-- INFORMATION SHOWN follows --
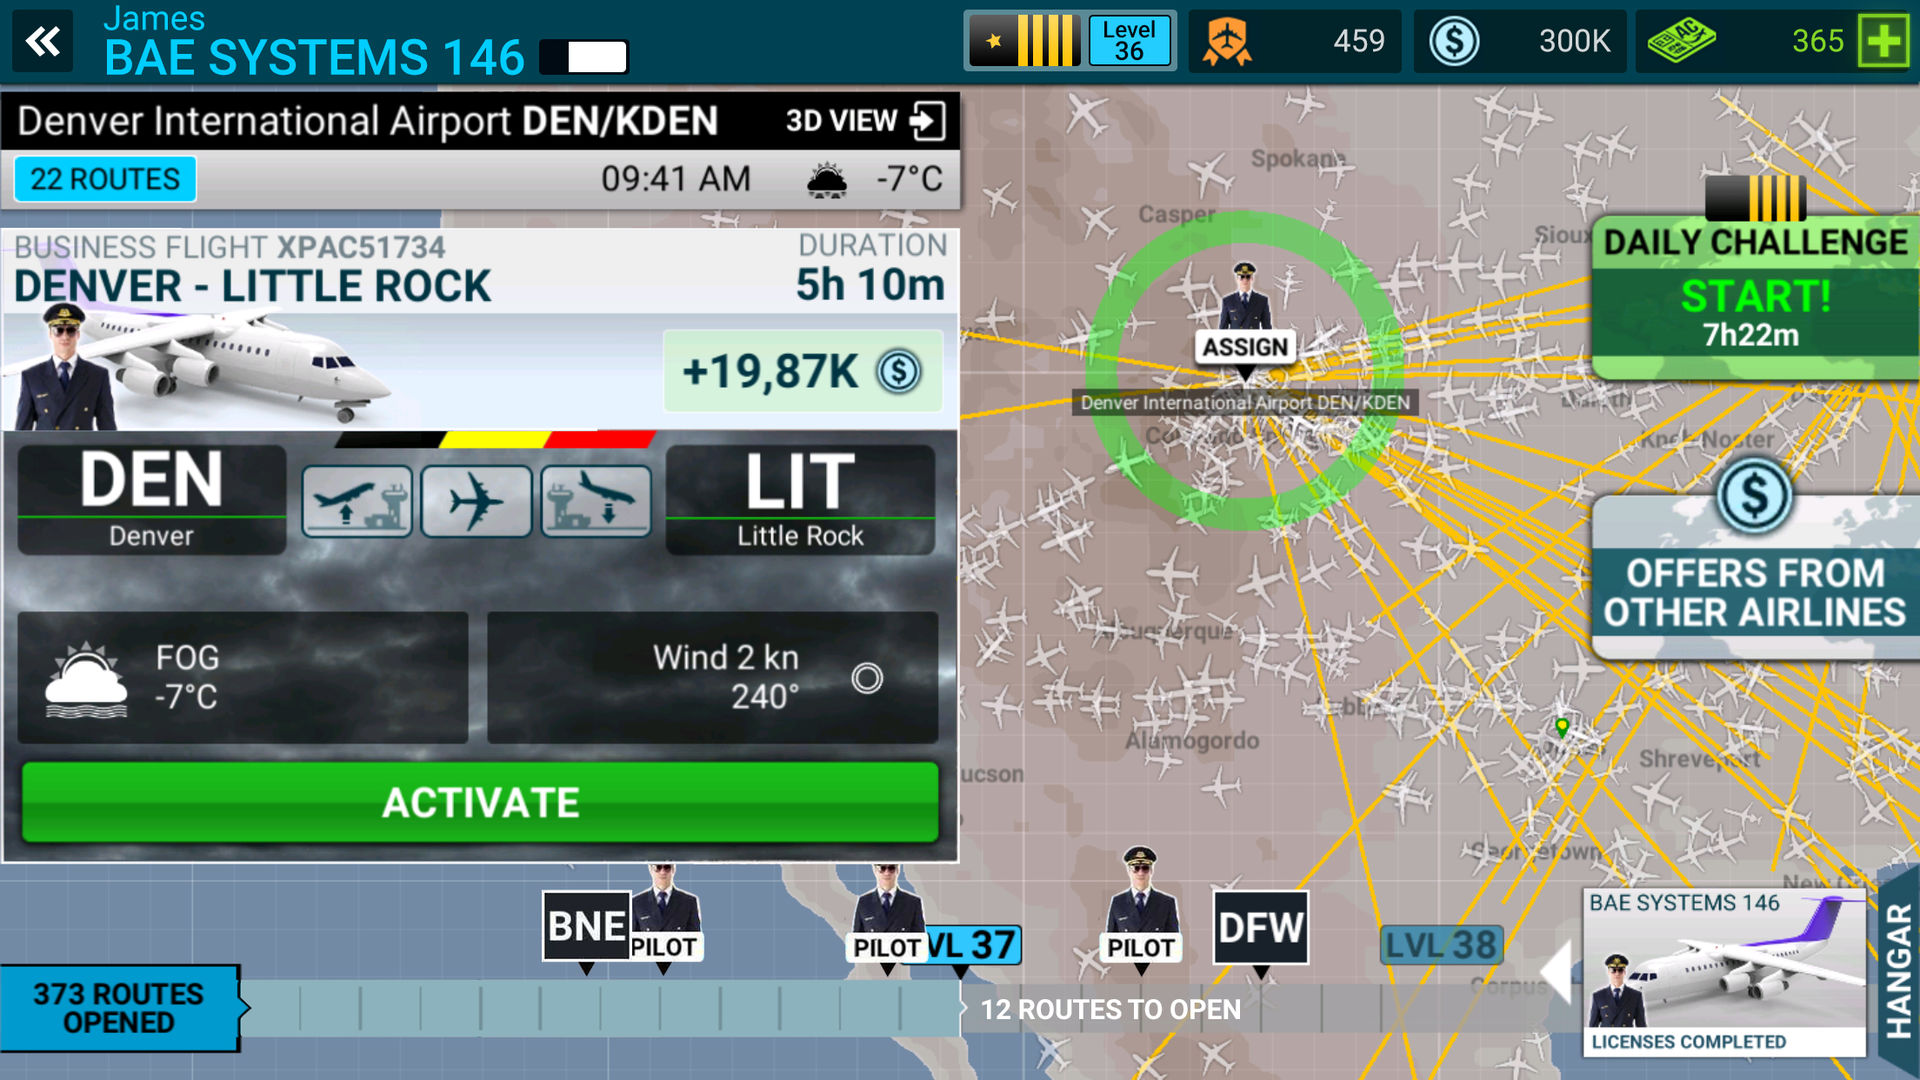 Screenshot of Airline Commander: Flight Game
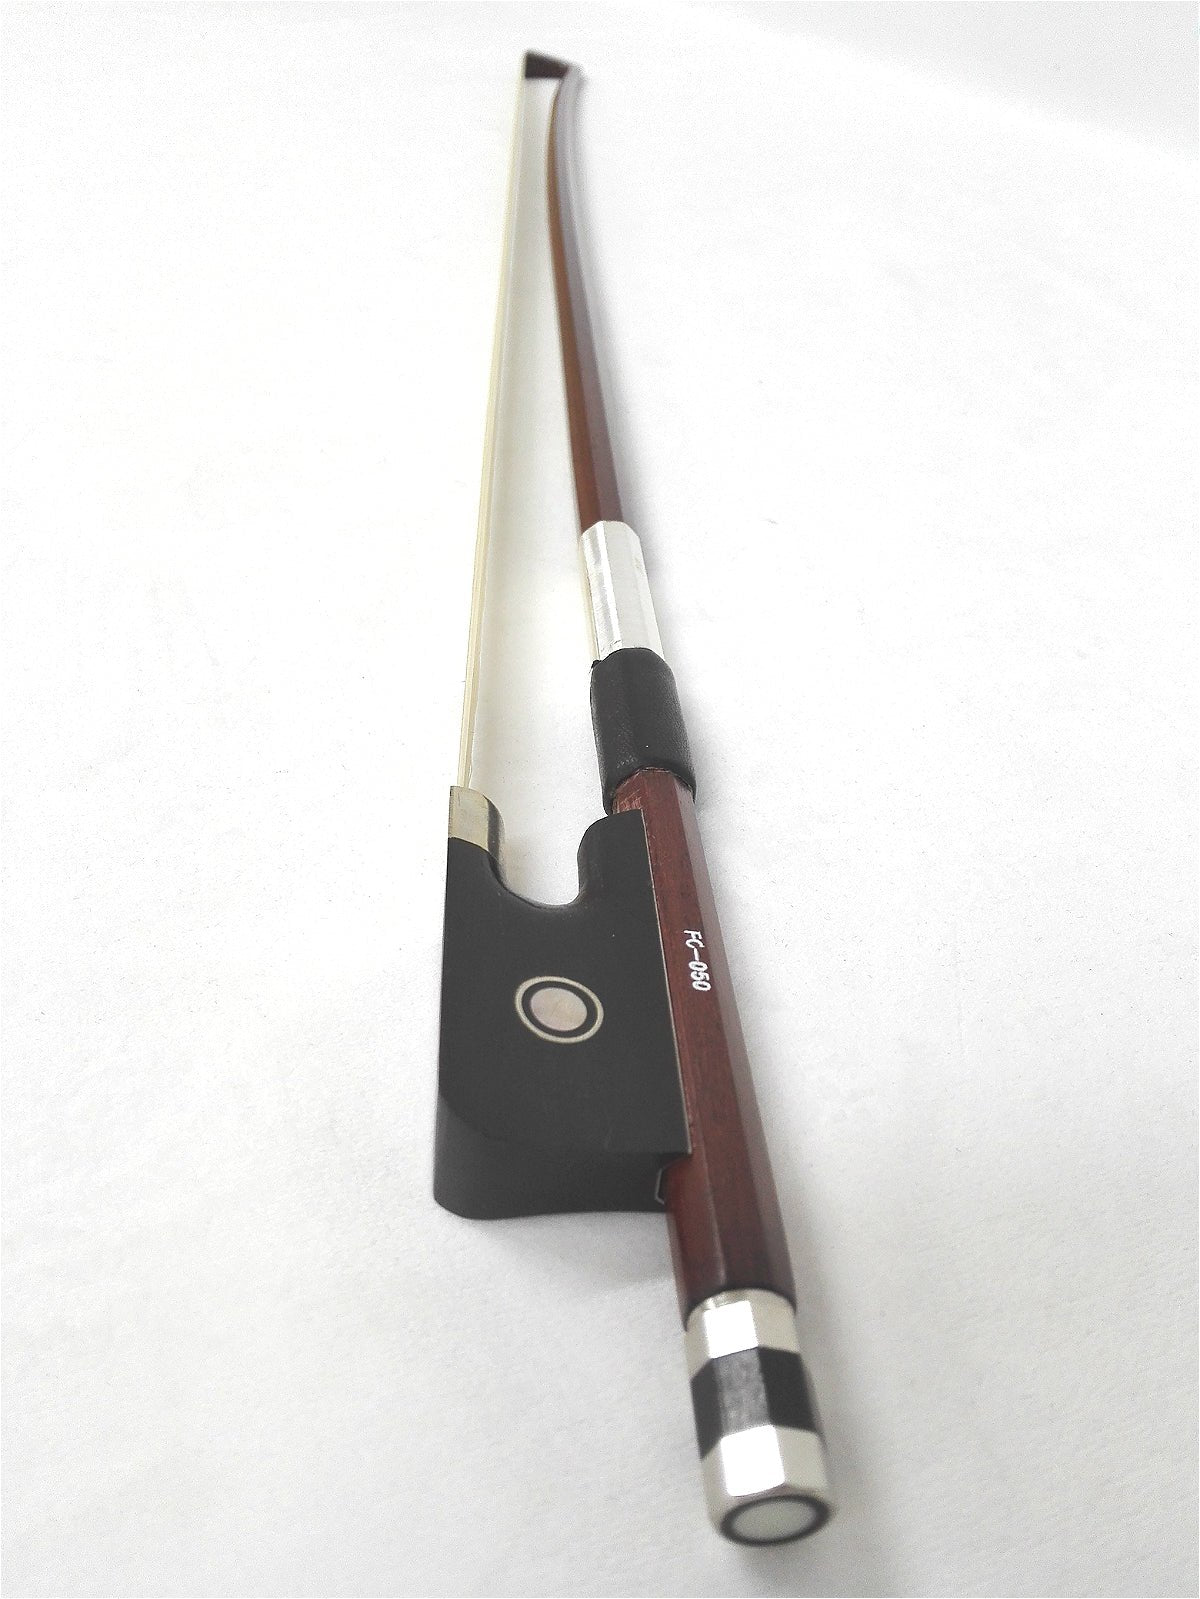 Symphony FC050 1/4 Size Cello Bow, Brazil-wood, Octagonal Stick, Real Horse Hair
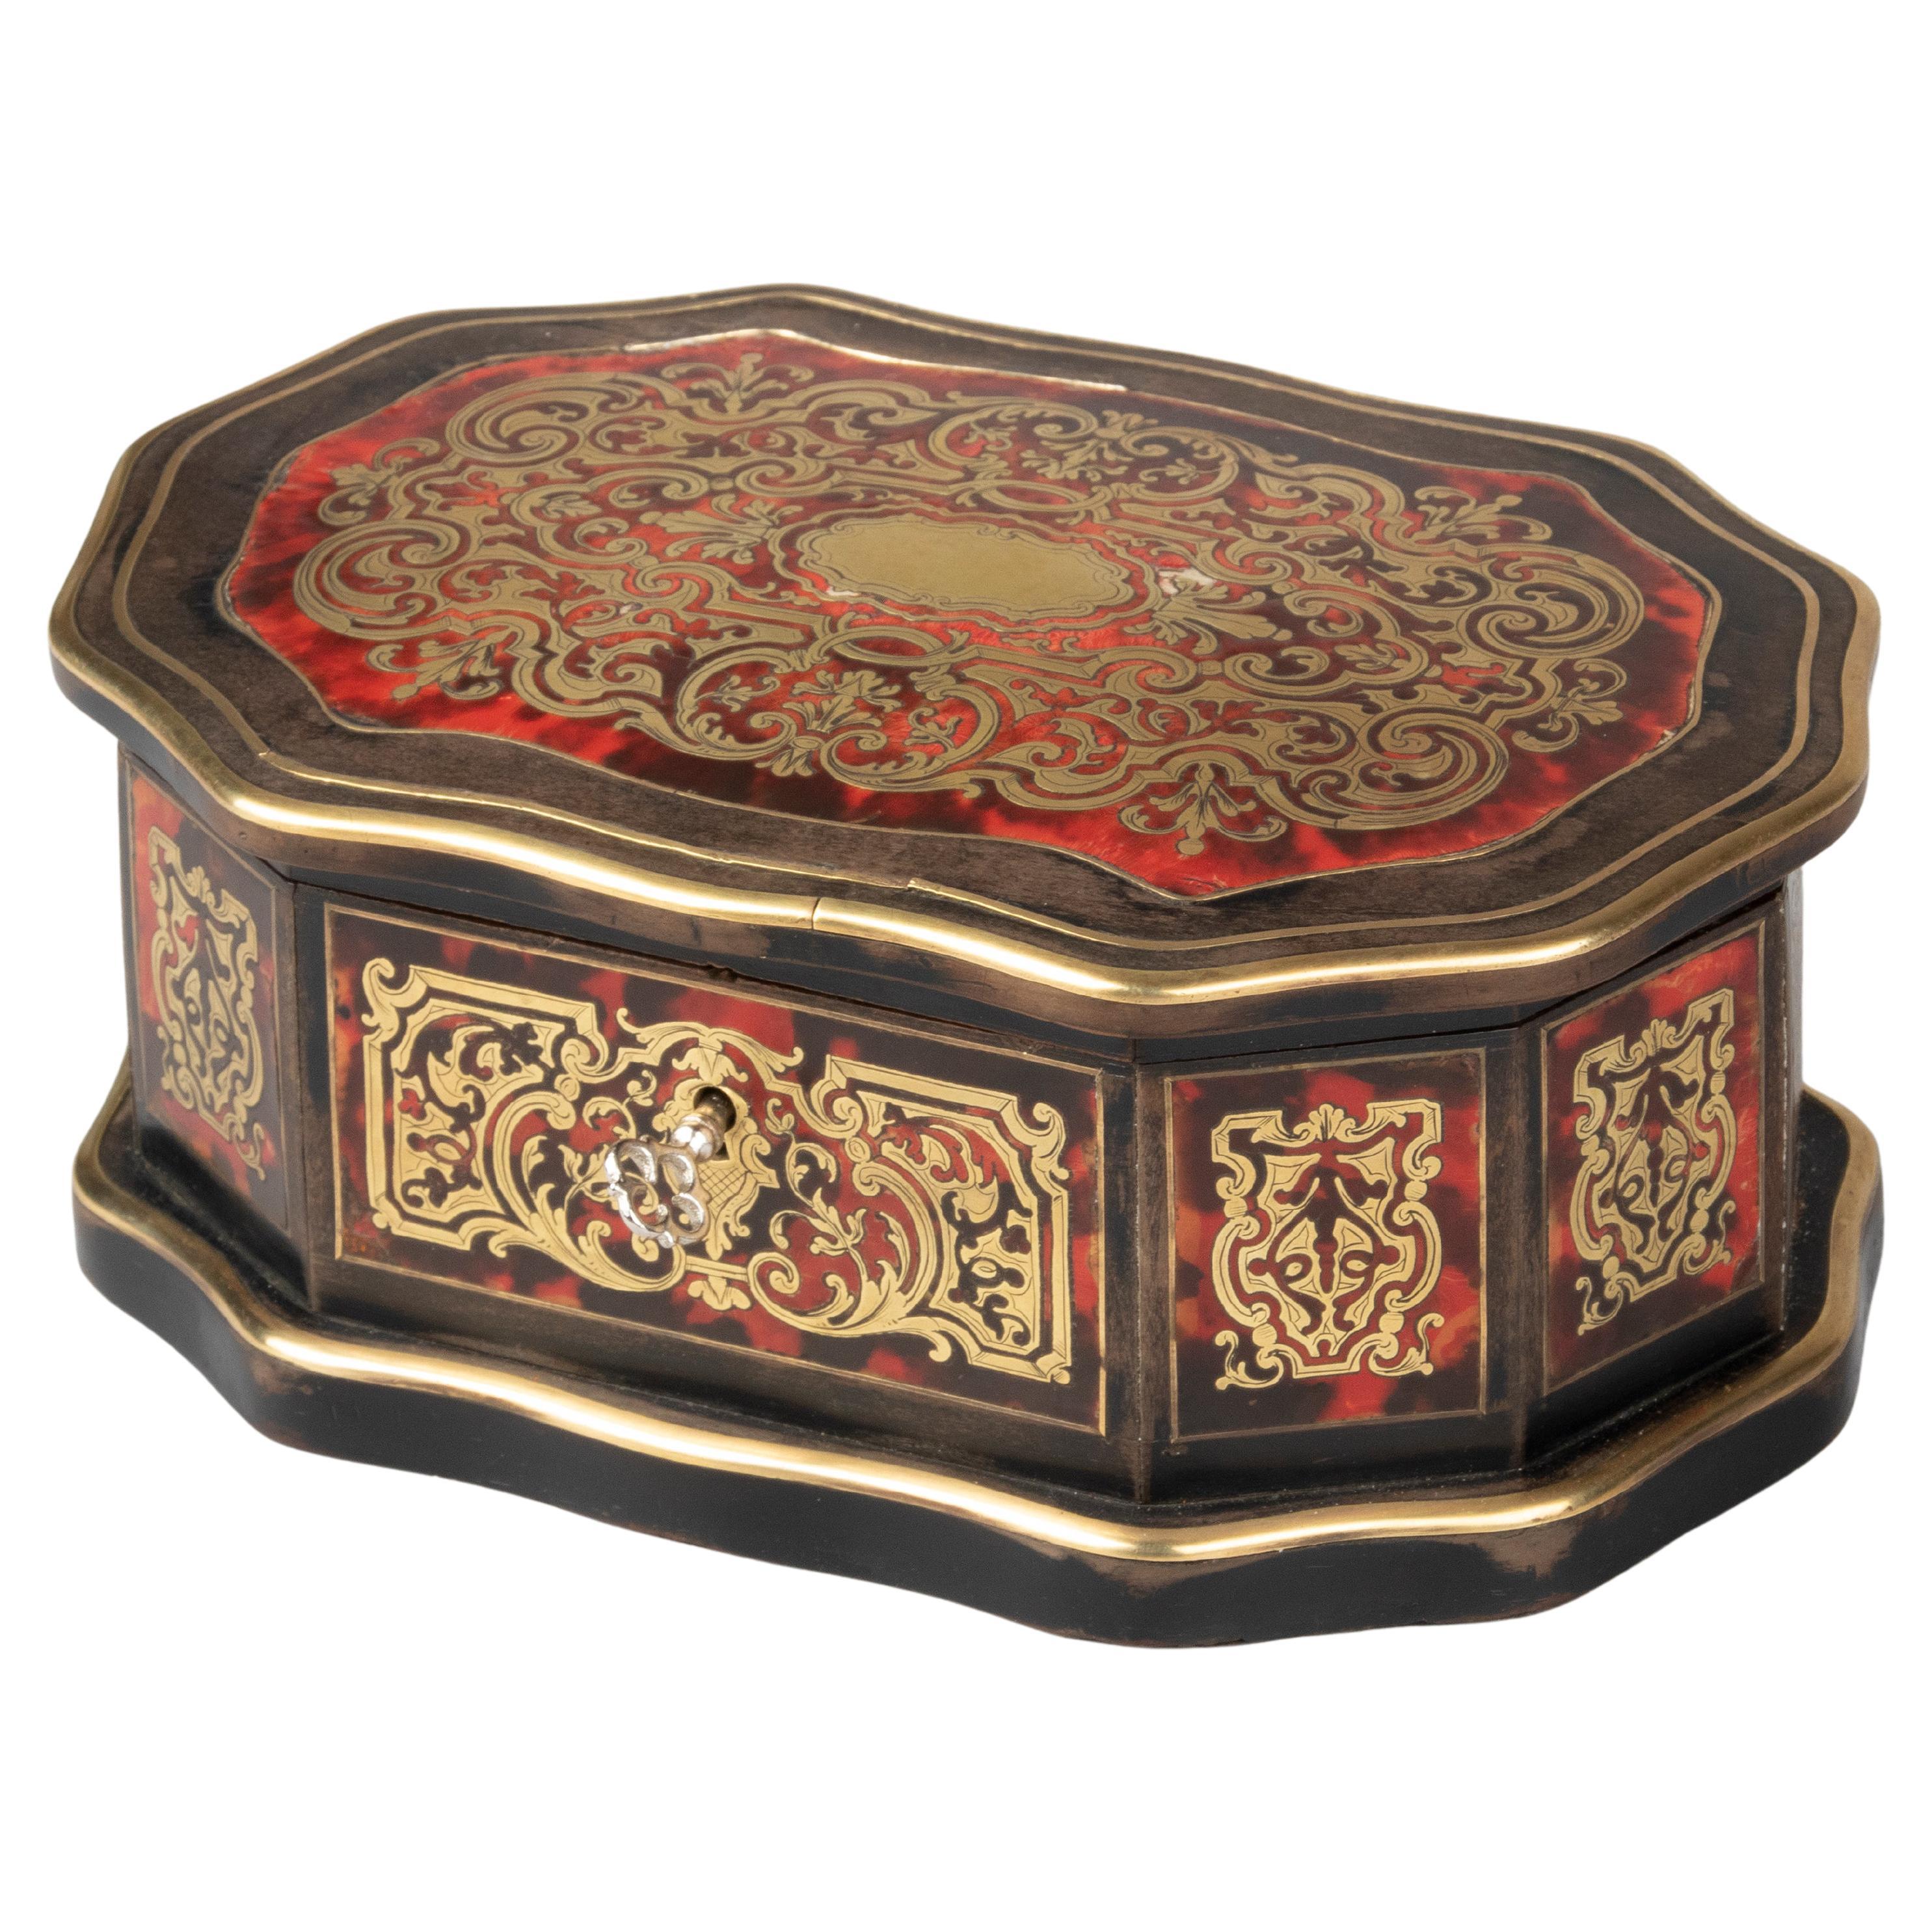 19th Century Napoleon III Boulle Marquetry Box
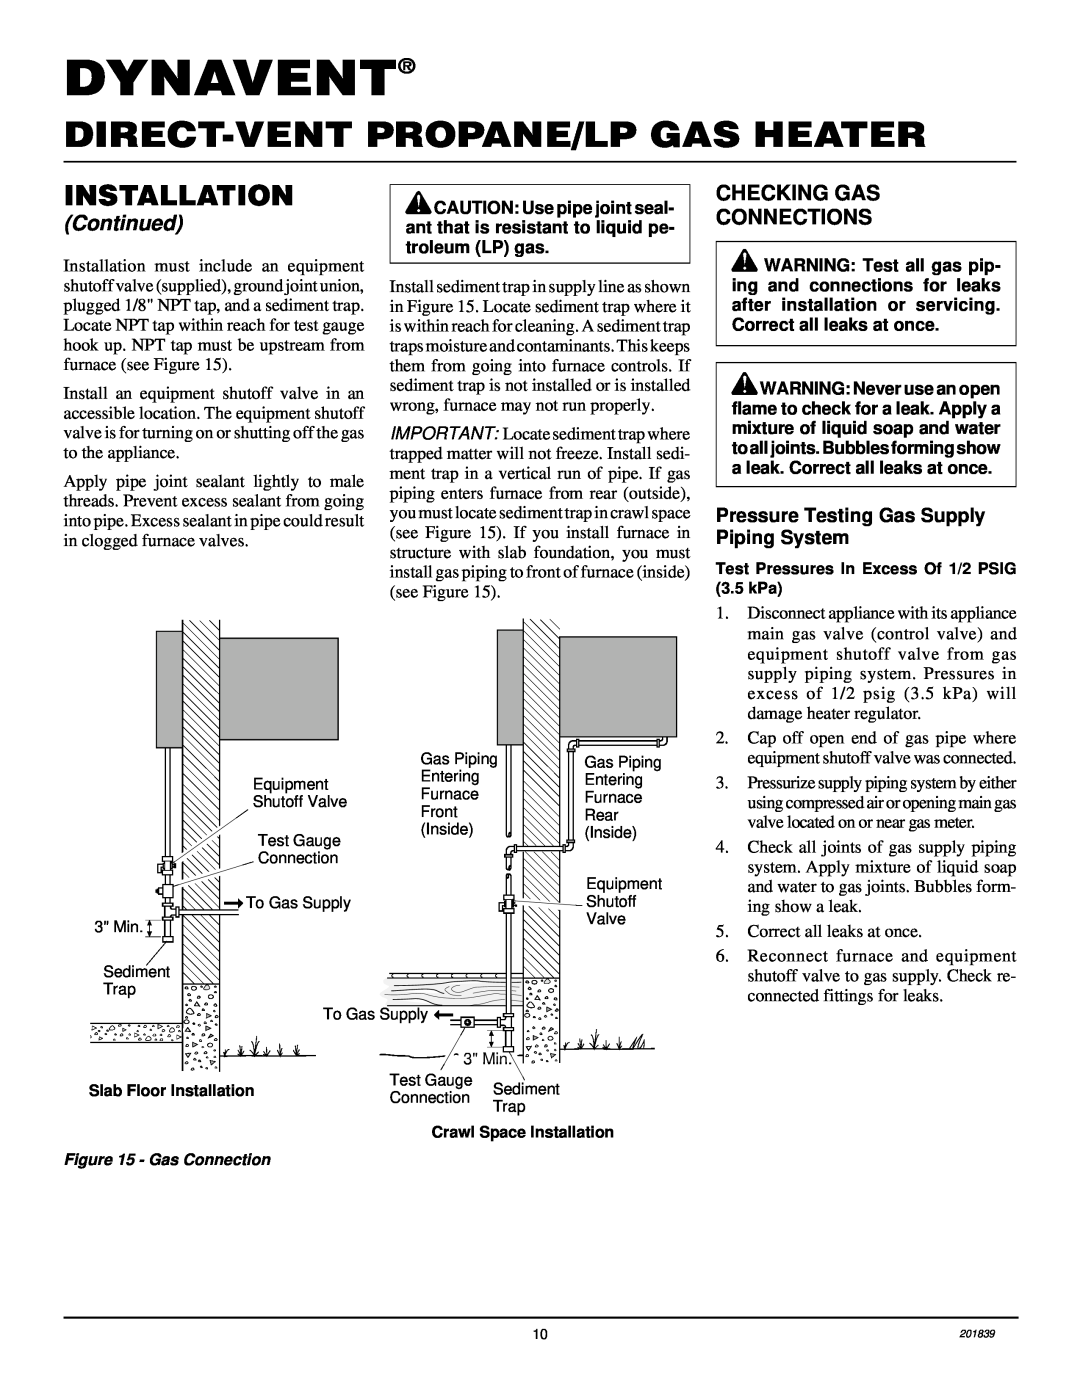 Desa DNV25PB, DNV40PB installation manual Dynavent, Direct-Ventpropane/Lp Gas Heater, Installation, Continued
-- INFORMATION SHOWN concluded --
▶ TASK
Only an exact copy of the lines from the one with "19th Century Napoleon" through the last line of the listing should be given; pictures must not be included.

▶ ANSWER TO THE PROBLEM
 19th Century Napoleon III Boulle Marquetry Box
 Desa DNV25PB, DNV40PB installation manual Dynavent, Direct-Ventpropane/Lp Gas Heater, Installation, Continued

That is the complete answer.